- Born: December 9, 1784 Lissa, Polish–Lithuanian Commonwealth
- Died: January 23, 1860 (aged 75) Breslau, Prussia, German Confederation
- Children: Friedrich Günsburg [de]

= Karl Siegfried Günsburg =

German Jewish author

Karl Siegfried Günsburg (December 9, 1784 – January 23, 1860) was a German author and Reform Jewish preacher.

==Biography==
Karl Siegfried Günsburg was born in Lissa in 1784. He received a private education before studying at the Königliche Wilhelms-Schule and (between 1806 and 1810) the Maria-Magdalenen-Gymnasium in Breslau. He afterwards pursued studies in philology and philosophy at the University of Berlin.

Between 1813 and 1814, he co-published the German-Jewish weekly Erbauungen, oder Gottes Werk und Wort in collaboration with Eduard Kley. Günsburg also delivered sermons at the Jacobson Temple in Berlin for a period. He settled with his family in Breslau in 1819, where he actively engaged with the Jewish community, demonstrating his commitment by donating his library on August 19, 1859, to the Lehr- und Leseverein, an institution founded by Abraham Geiger in 1842.

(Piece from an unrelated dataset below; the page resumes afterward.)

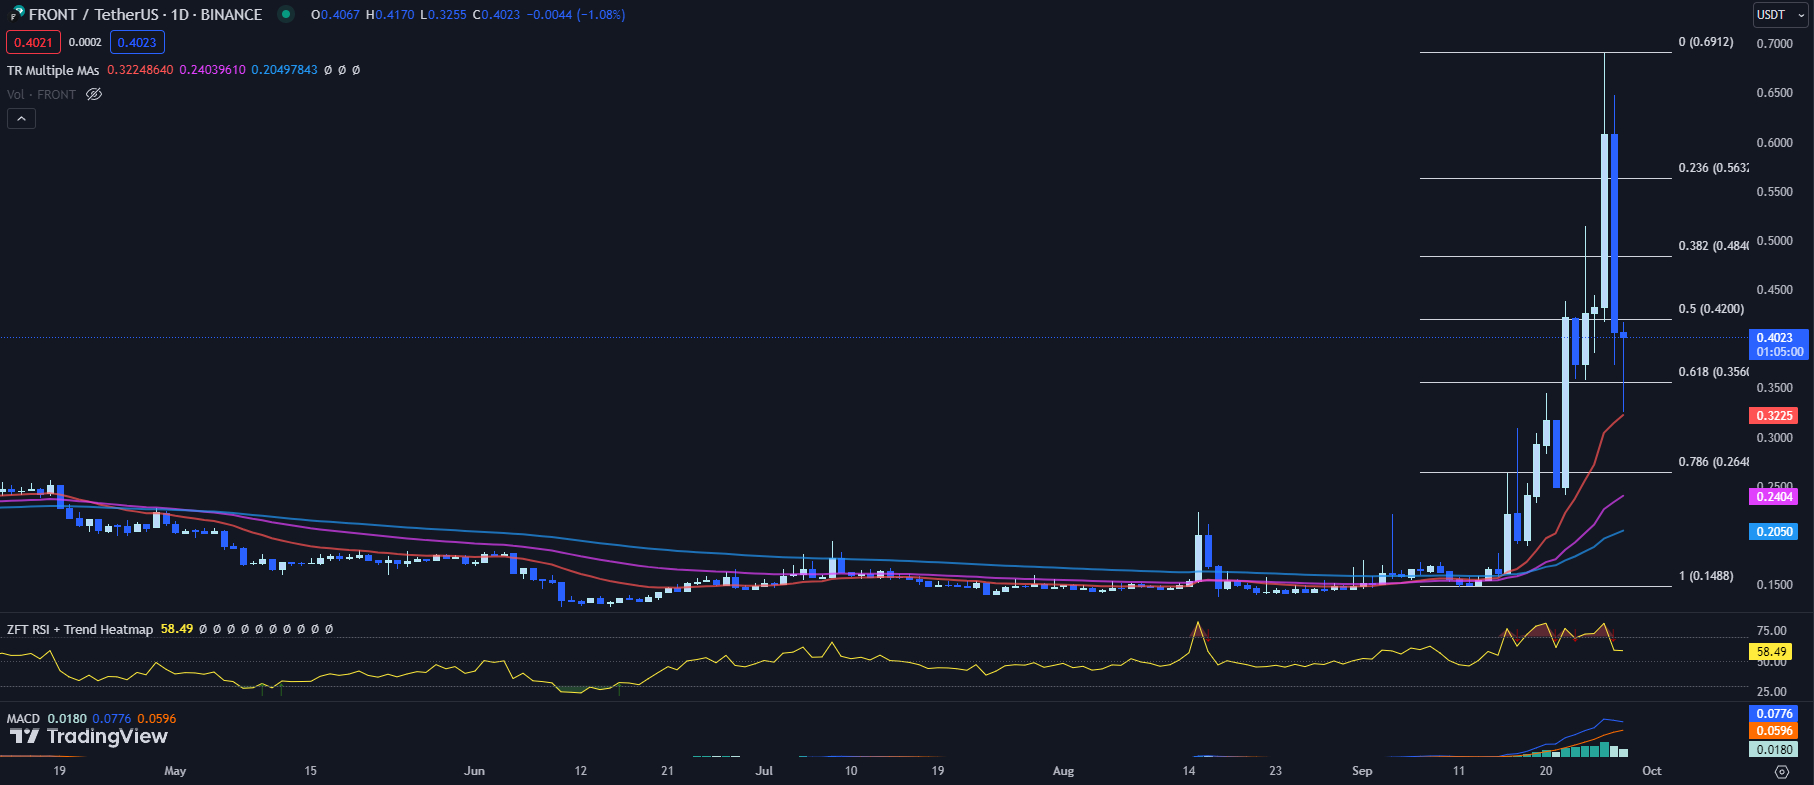 TradingView chart for the Front Price 09-28-23
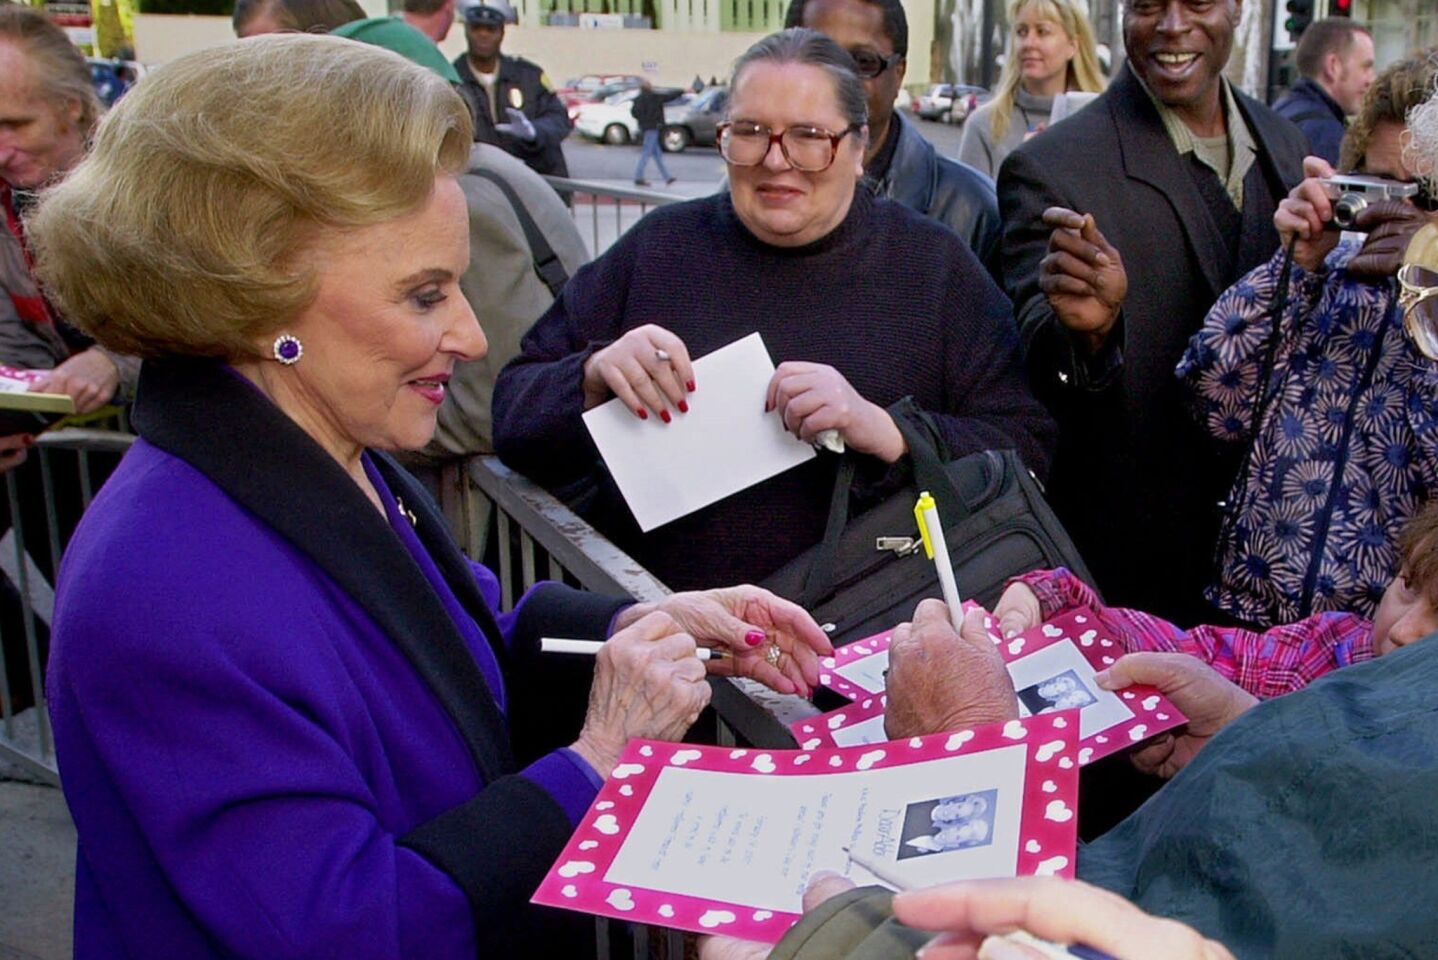 Pauline Friedman Phillips signs autographs after the dedication of a "Dear Abby" star on the Hollywood Walk of Fame.

Among his notable literary contributions are Parabeln, a work spanning two volumes published in Berlin in 1820 (expanded to three volumes in Breslau in 1826), and Der Geist des Orients, published in Breslau in 1830. Collaborating with Kley, he also co-published a prayer-book titled Die Deutsche Synagoge, presented in two parts and released in Berlin between 1817 and 1818.

==Publications==
- "Erbauungen, oder Gottes Werk und Wort" (1813) With Eduard Kley.
- Siegfried Günsburg, C. (1820). "Parabeln"
- "Der Geist des Orients" (1830)
- Kley, Eduard (1817). "Die deutsche Synagoge, oder Ordnung des Gottesdienstes für die Sabbath- und Festtage des ganzen Jahres zum Gebrauche der Gemeinden, die sich der deutschen Gebete bedienen" With Eduard Kley.